Aerobic Systems Fat & Carbohydrate for fuel.
The Aerobic System
The aerobic breakdown of carbohydrates, fats, and proteins provides substrates for a continuous restoration of the limited phosphogen pool. It is phosphogen energy which fuels all levels of muscular activity. It is the relative percentage of maximal capacity contributed by the aerobic pathway that varies with intensity and duration of work. At rest, all energy is aerobic because the phosphogens used to write, talk, eat, and breathe are continuously replaced by the aerobic metabolism of nutrients. The intensity is very low and the duration can be very long, in fact until food nutrients are depleted.
OTS Notes on 5- Metabolic Levels by Exercise Intensity:
Level 1 is fueled by 60% Fat and 40% Carbohydrate- runs up to 65% of Max Heart Rate
Level 2 is fueled by 50% Fat and 50% Carbohydrate- runs at approximately 70-75% of Max Heart Rate
Level 3 is fueled by 35% Fat and 65% Carbohydrate- runs at approximately 75-80% of Max Hear Rate
Level 4 is fueled by 10-20% Fat and 80-90% Carbohydrate- runs at approximately 80-90% of Max Heart Rate
Level 5 is Phosphogen based, short sprints 5-30 seconds in duration. 0% Fat.
Most muscle has enough phosphogen stored for about 30 seconds of sustained muscular contractions. These are replaced mostly via the aerobic metabolic pathways.
Important concepts of the Aerobic system follow:
1. Individuals can sustain all out efforts demanding maximal aerobic capacity for only 8-10 minutes because lactic acid is rapidly accumulating to provide addition energy.
2. Except for short all out efforts, aerobic processes are continuously providing energy at rates ranging from very low to the individuals maximum.
3. Aerobic energy production occurs whether we are asleep or at maximum exercise capacity.
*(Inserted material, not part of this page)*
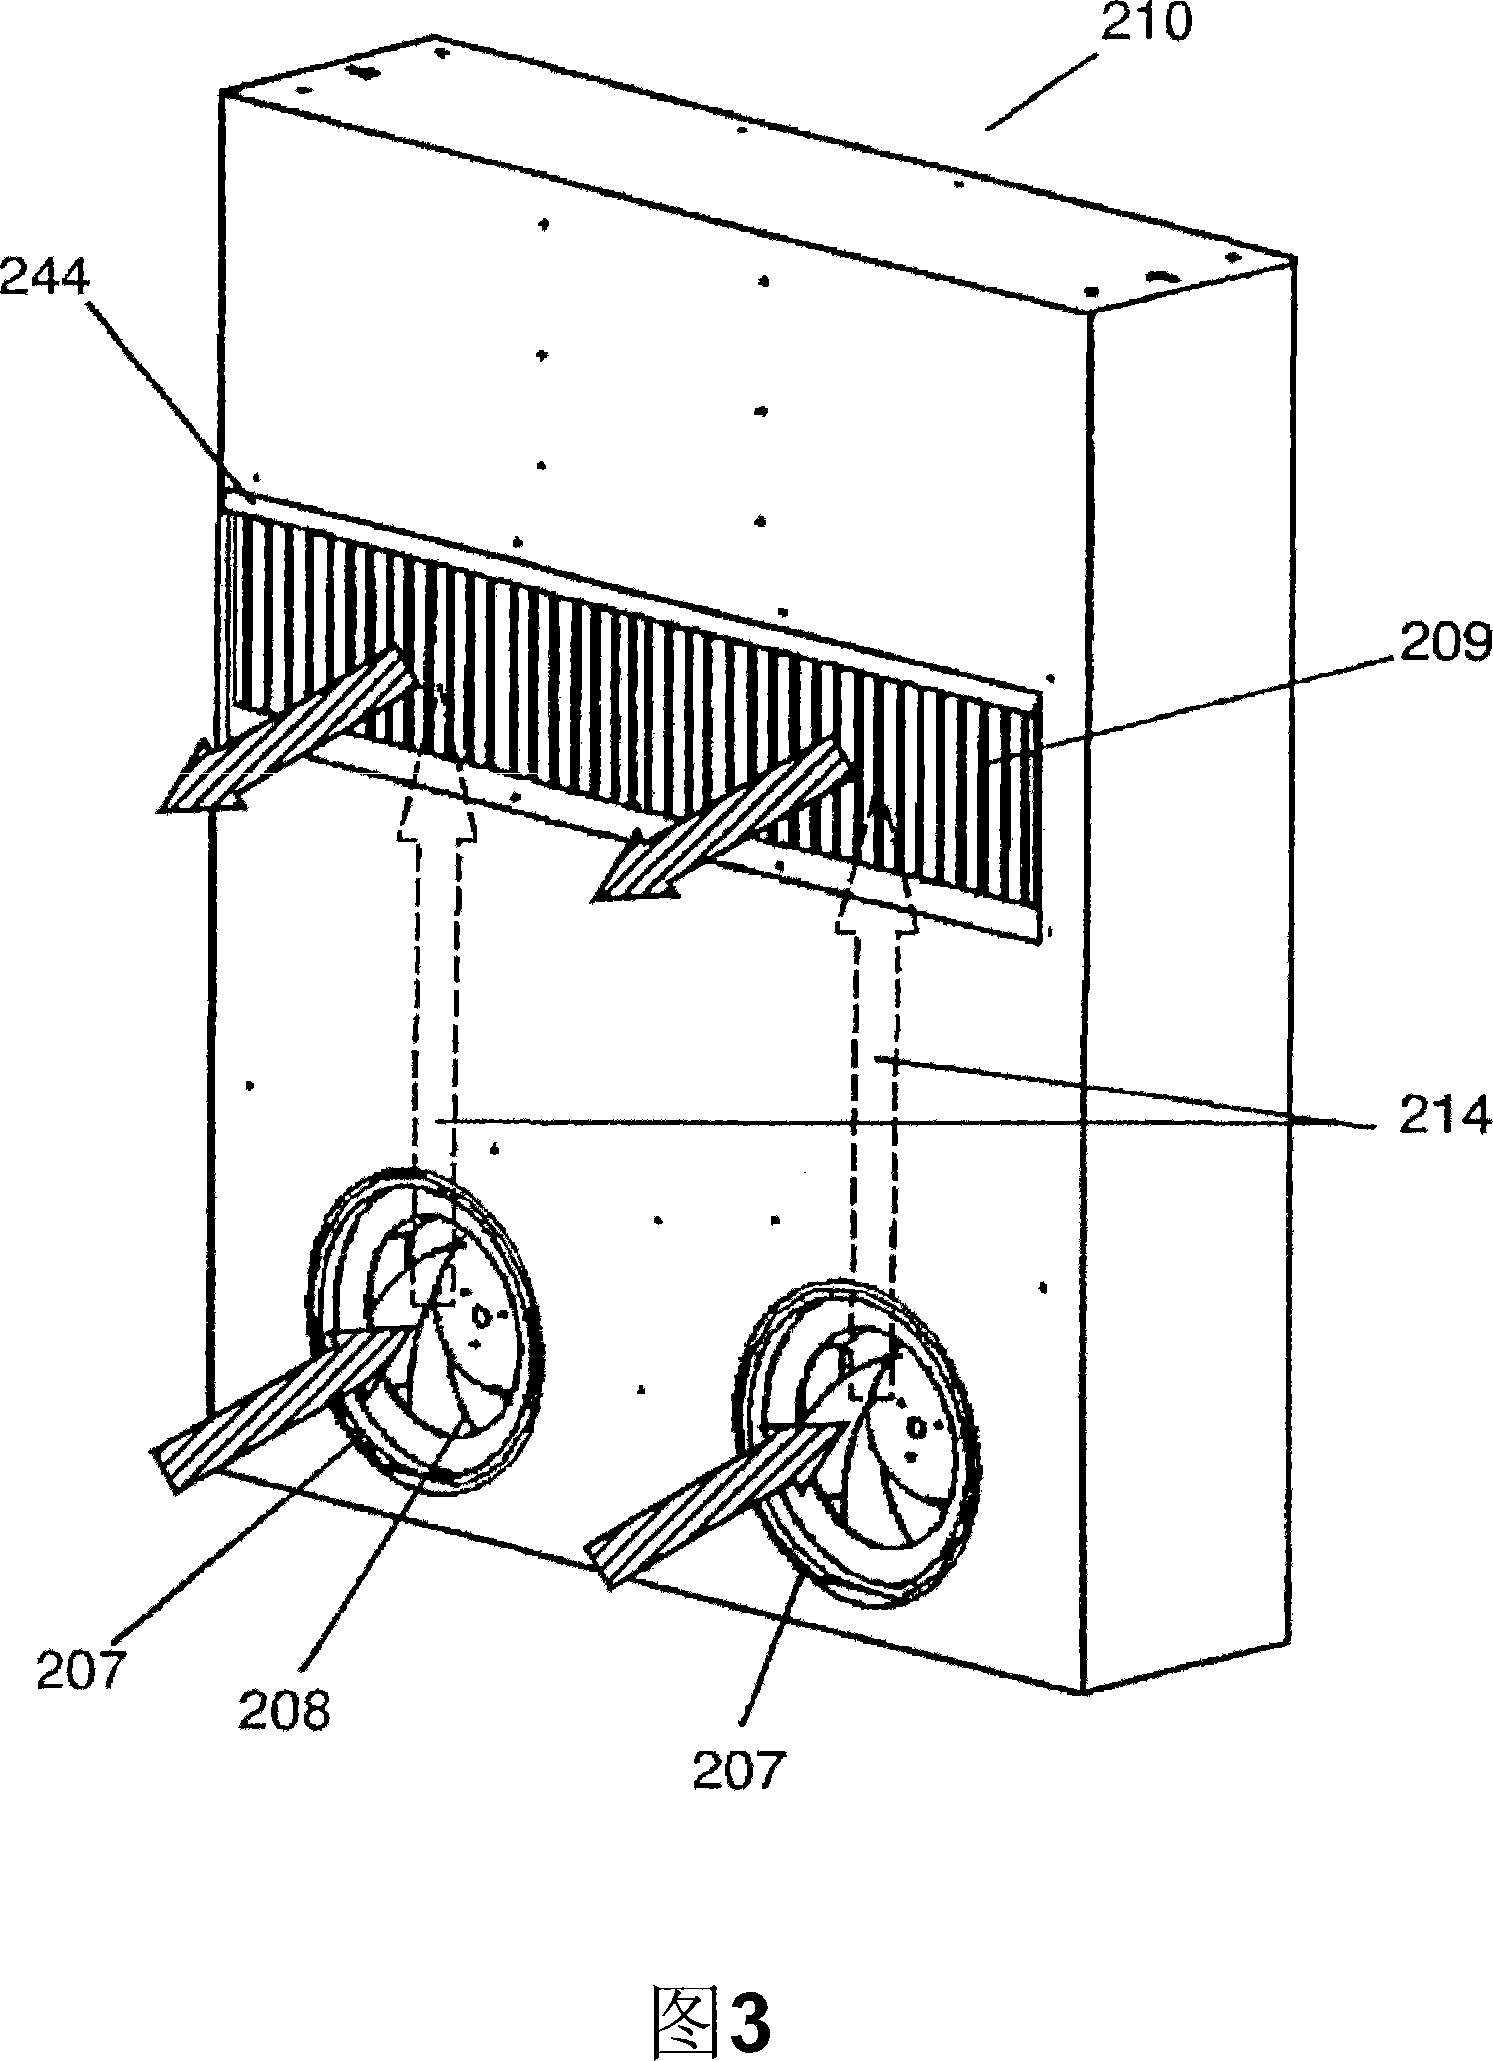 Cooler for heater-containing box

This has led to some confusion on how to train for this system.
4. It is commonly believed that once past the anaerobic threshold, all energy comes from lactic acid production. This is NOT true!
5. Research shows that the basic external loading factors of frequency and duration or program length is determined by individual fitness levels, and the greatest gains in maximal aerobic capacity occur when exercise intensity is at levels requiring 90-100% of maximal capacity (VO2 max).
6. The percent improvements or absolute gains are actually lower when training intensities are supramaximal or greater than 100% of VO2 max. At the other end of the scale, minimum stimulus required to achieve any improvement appears to be tasks requiring 50% of maximal aerobic capacity.
7. The magnitude of increase in maximal capacity is usually inversely related to initial capacity. Poorly conditioned individuals attain the greatest increases with appropriate training. It is difficult for highly trained athletes to quantify any improvement in VO2 max. For these individuals, measured values may be limited by heredity rather than by the volume or intensity of training.
8. Greater improvements in highly conditioned athletes can be seen in their anaerobic capacities, economy of effort, and fractionalization (fractional utilization) of maximum capacity during competitive events.
9. When athletes start training, a laboratory or field test to quantify variables other than just VO2max should be conducted.
10. The traditional method for improving aerobic capacity has been to form an early season aerobic base by numerous long distance workouts in the weekly schedule (microcycle). These are generally continuous and moderate intensity and become less frequent and of shorter duration as the annual cycle moves into competitive stages.
How can knowing the 3 energy systems and 5- Metabolic levels of exercise help you to design a week of workouts?
How can knowing your energy systems and the fuel subsrates that support them help you to design your nutrition.